We're going to talk about premarital agreements, what they are and when they can be useful. I often get clients into my practice, Anne, coming in and asking me about whether their children should have a premarital agreement. Can you tell us a little bit about what a premarital agreement is and when someone should have one?
A premarital agreement is a contract between people who intend to get married to one another. It explains what they've decided the rules should be about their property and what obligations they have to one another at the time when the marriage ends, either by divorce or upon the death of one of the parties. It's a good idea to get started on the process of preparing your premarital agreement about six months prior to the date of the wedding. We typically tell clients, "You don't want to be making deposits to the venue or the caterer, putting significant deposits down prior to getting started on your marital agreement."
Is there a deadline for creating a premarital agreement? It sounds like the timing is important.
The important thing to keep in mind is the validity of the premarital agreement. The closer you are to the wedding date, when you sign it, the easier it might be for one of the parties to say later on that they signed it under duress because, perhaps, they had paid the caterer already or all their guests were in town.
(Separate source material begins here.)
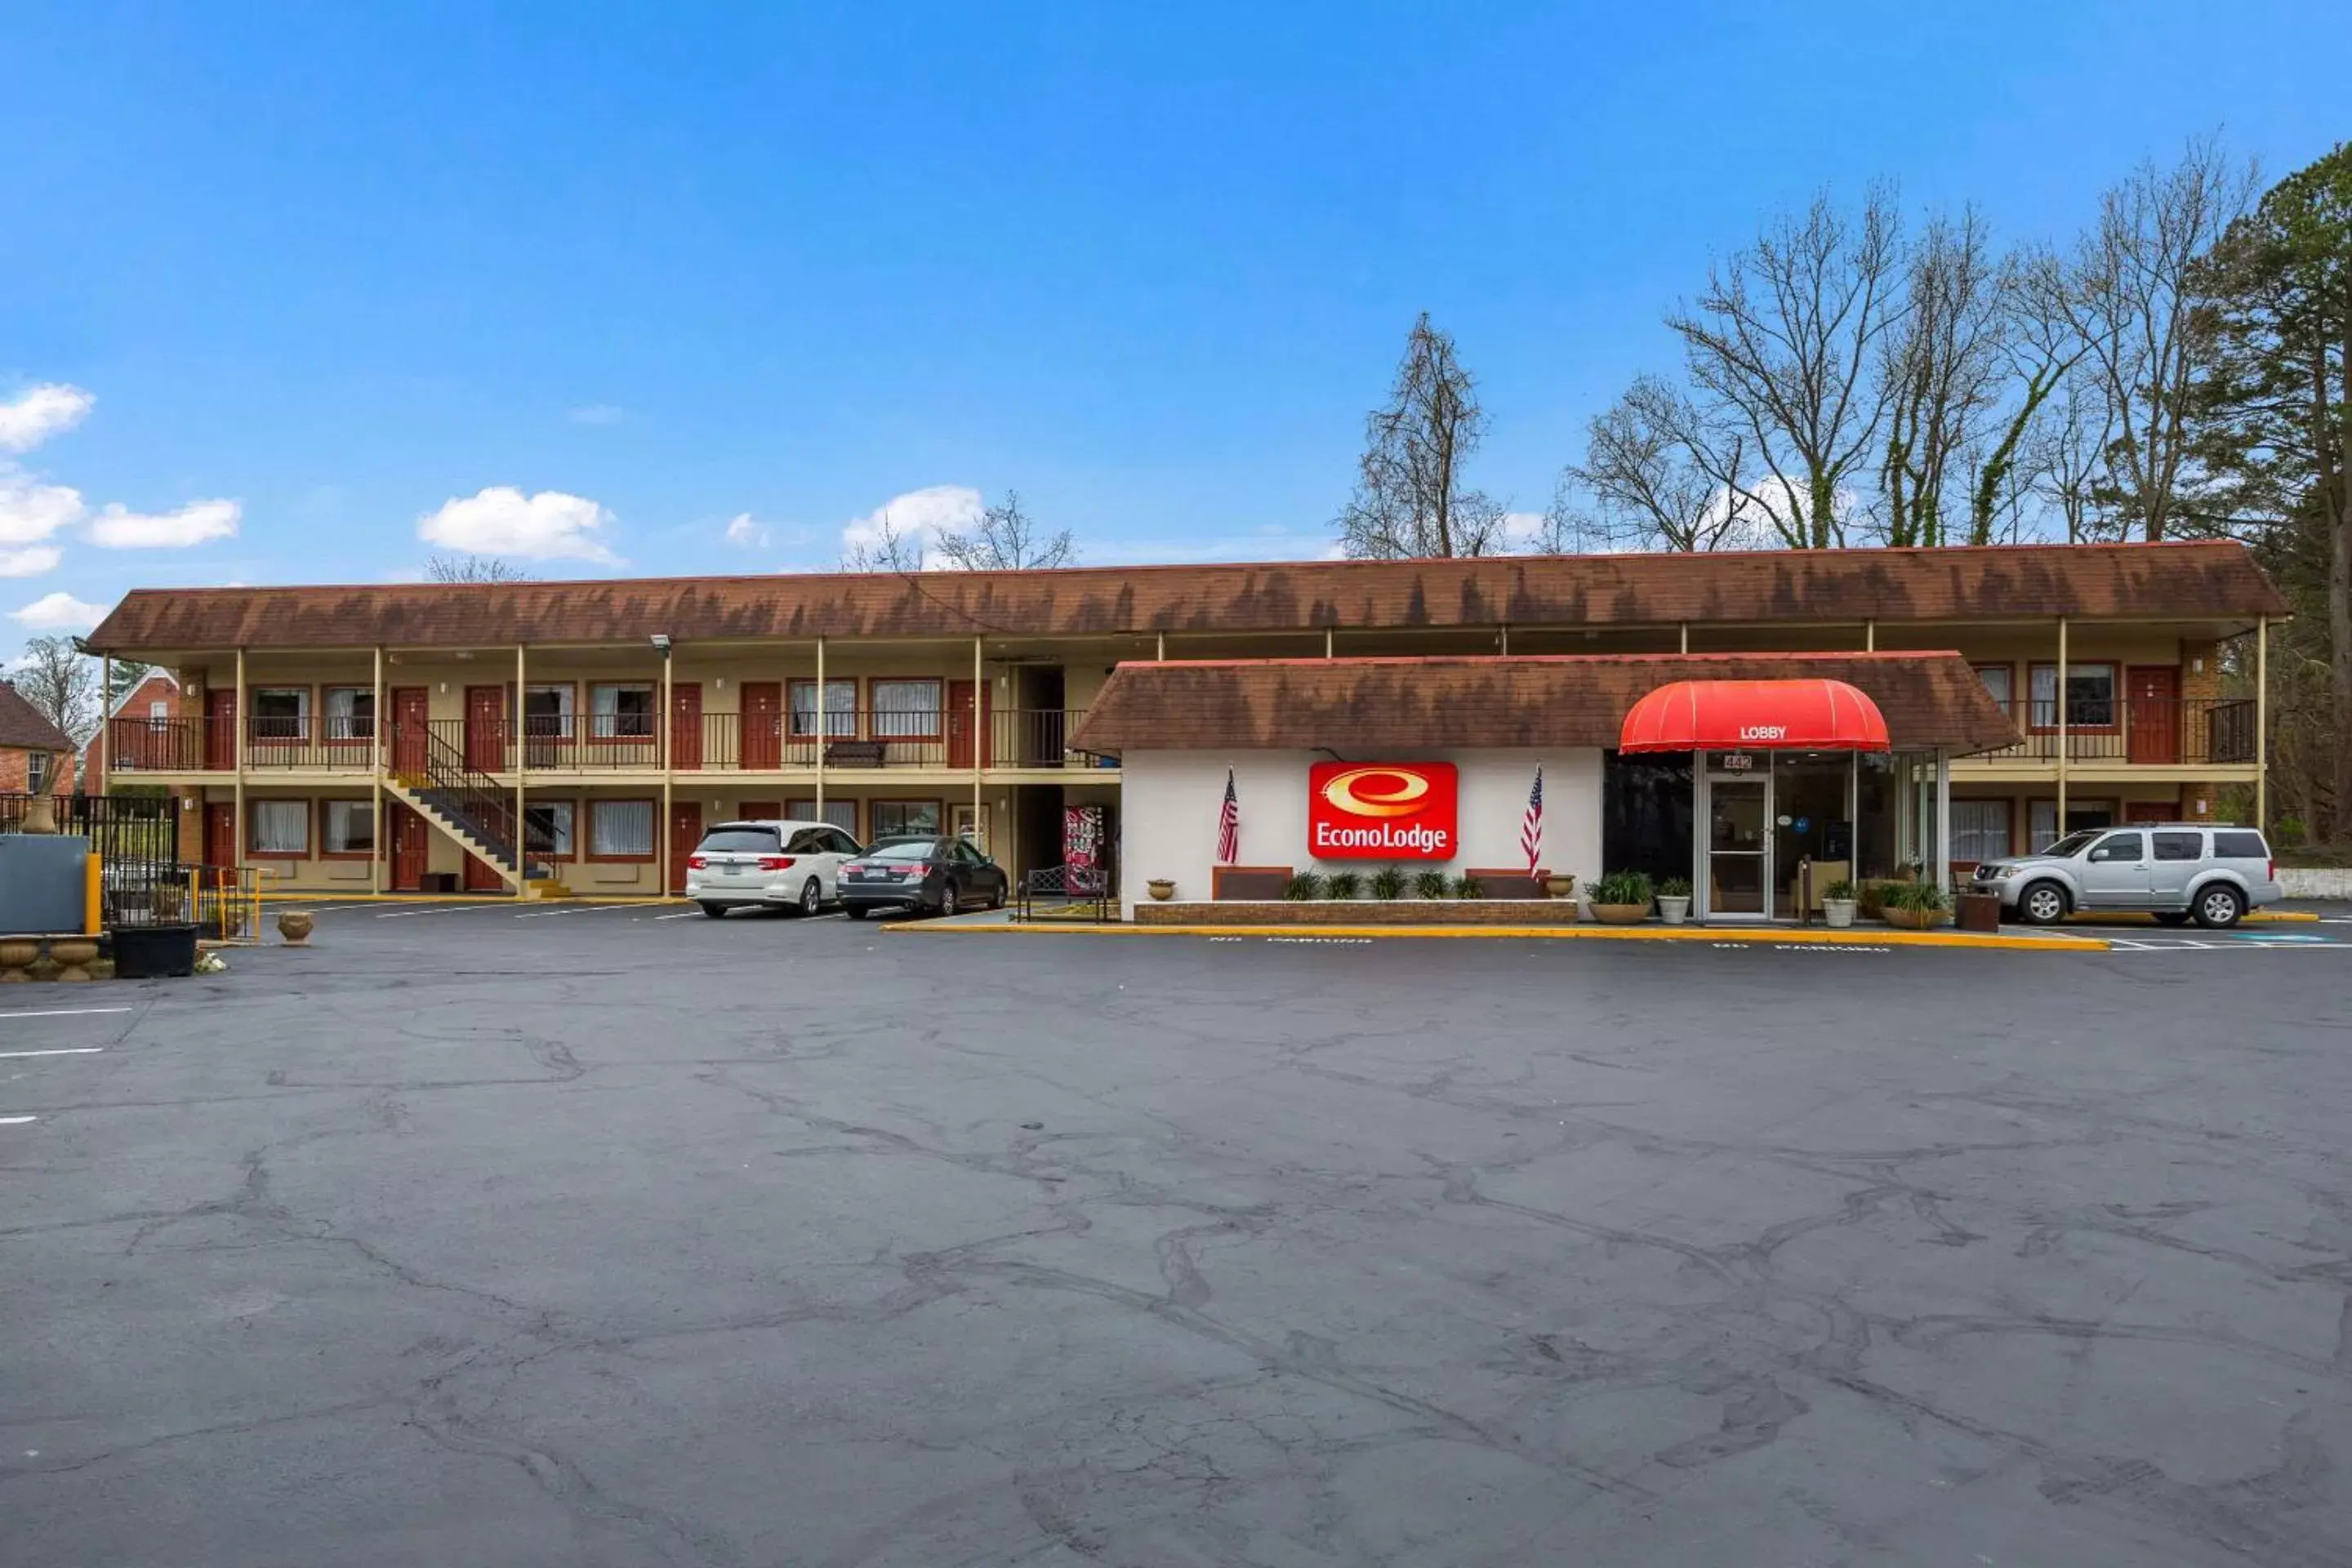 Property Building in Econolodge Historic

You want to avoid that. You also want to spend those last few weeks leading up to your wedding focused on the celebrations and the fact that your friends are in town. So, we recommend that you have it finished well before the wedding, which means getting started early. There's no set deadline but you want to avoid a situation where someone could later say they had to sign it under duress.
Do your answers change if I live in a community property state?
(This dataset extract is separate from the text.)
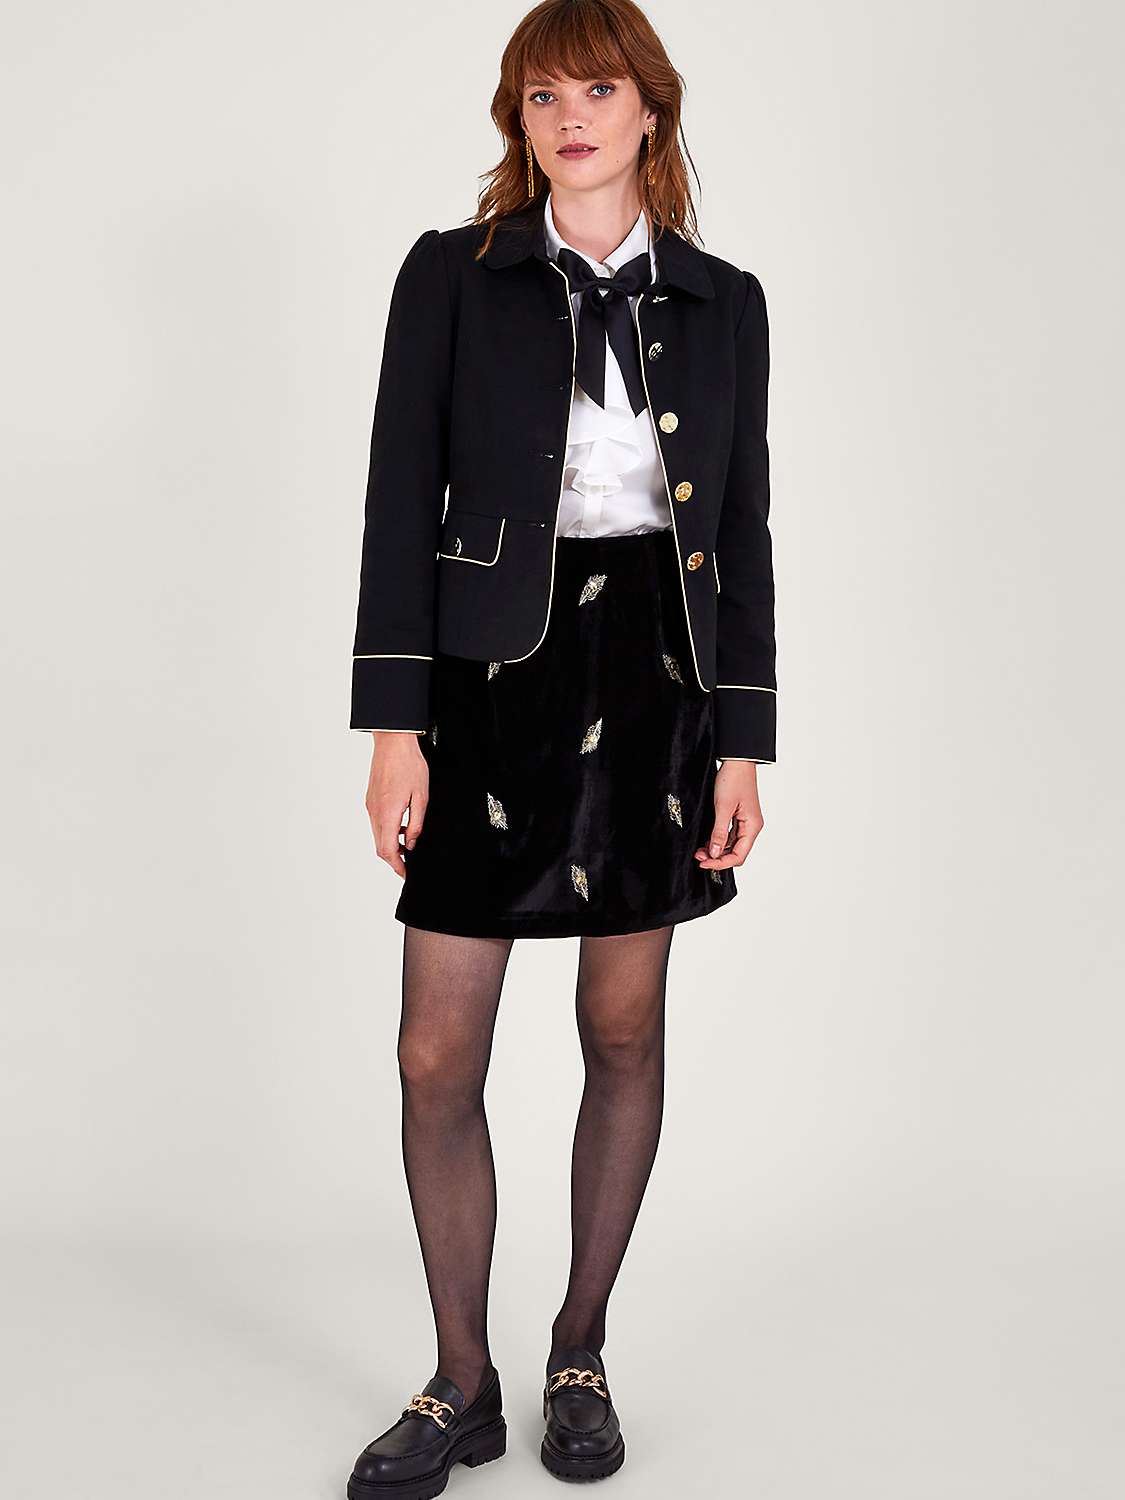 Buy Monsoon Collared Gold Button Piping Detail Jacket, Black Online at johnlewis.com

That doesn't change the advice that people should get premarital agreements or that they should get started on the process early. What it changes is what the state law default rules are about your rights and obligations to one another if you don't have an agreement. The premarital agreement allows you to write your own rules so that it matters less what the state law default rules say.
What if someone is refusing to sign a premarital agreement? Is there anything else that can be done?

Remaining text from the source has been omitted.